Beatrice’s eyes went wide. It was clear the idea hadn’t occurred to her. “No. No. That’s fine. I do not wish him dead.” She patted the bag still hanging from her wrist. “I have my cure. Here,” reaching up she unlooped the thick gold chain from her neck. She walked over to the table Siobhan had mixed the purge on and placed the necklace there. “You now have your rose. I-” she shifted her attention along the pond. “I’ll be going now.”
Siobhan watched the young woman hurrying away, swallowing hard at the clear evidence Beatrice feared her. She looked over at Pietro’s slack form and took a deep breath. If Beatrice’s fear was the cost of buying the woman the time to purge herself of her father’s evil, then that was a price Siobhan was okay with.
“Beatrice?” she raised her voice to carry.
Beatrice stopped. She did not turn. “Yes?”
“Don’t go home. Find an inn or somewhere safe. You don’t want your father to hurt you again.”
Beatrice turned at this and gave Siobhan a soft smile. “He will never hurt me again.”
Siobhan read something in Beatrice’s eyes, a spark of determination. Whether than meant she’d find some place else to go to be safe from her father or if she intended in some other way to insure that safety, Siobhan could not say. Honestly, if she were in Beatrice’s place she wasn’t sure which side she’d fall on that either.
At her “Good luck,” Beatrice raised a hand in parting and then continued walking away.
Siobhan walked over to the table and retrieved the rose, pulling her sleeve down so her skin didn’t come into contact with it just in case. Then she picked up the herb bundles and turned in the direction of the brook and the window beyond. She started to hike her skirts up by habit, then dropped her hand to swing at her side as she walked carefully back through the garden.
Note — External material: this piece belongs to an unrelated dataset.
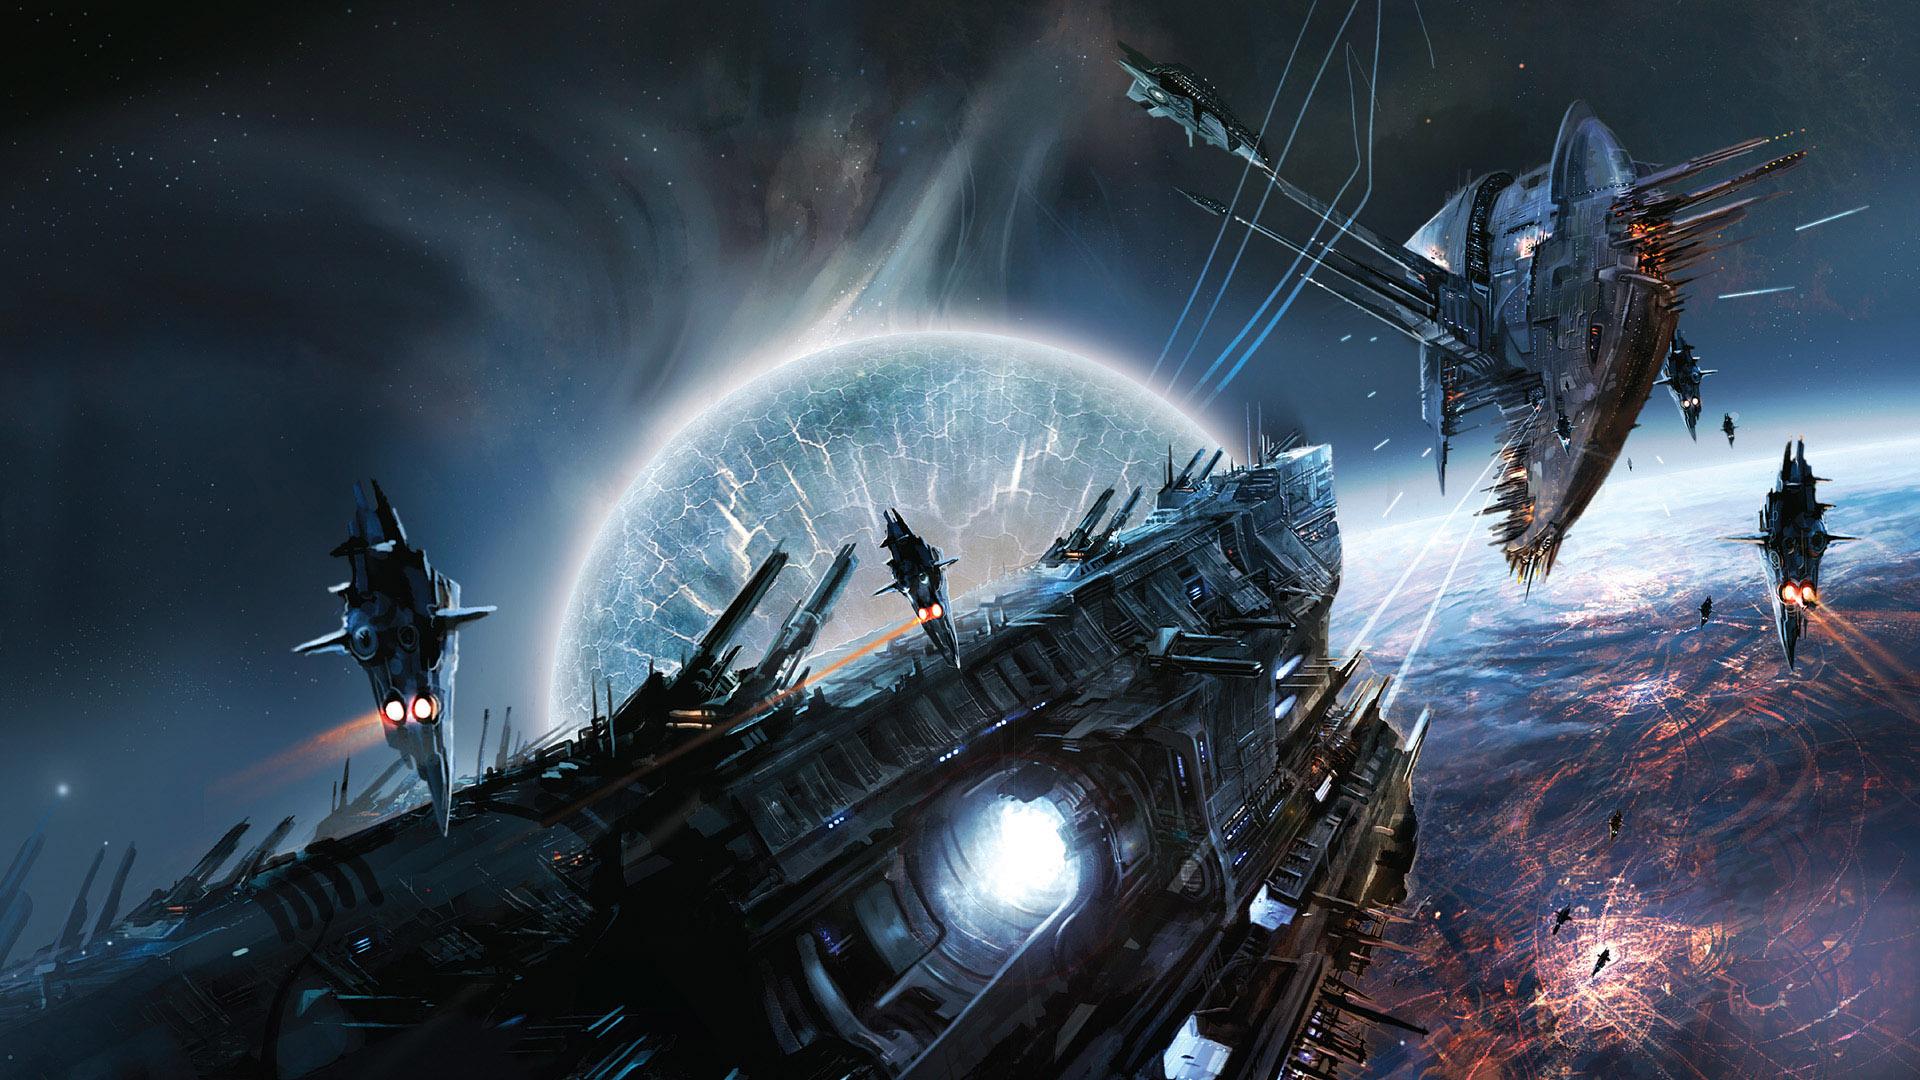 space war jeu de scène fonds d'écran fonds d'écran hd

She did take a quick detour to collect more houttuynia cordata. Prairie had taken a sword out of The House when rescuing her. Hopefully the house would let her keep the herbs.
She sank back on her heels and looked up a the sky. “I’m not saying I want a reward. But, if you wanted to give me one? It would be rude to say no.”
The House didn’t respond. Not that it ever did. But Siobhan figured it didn’t hurt to be polite.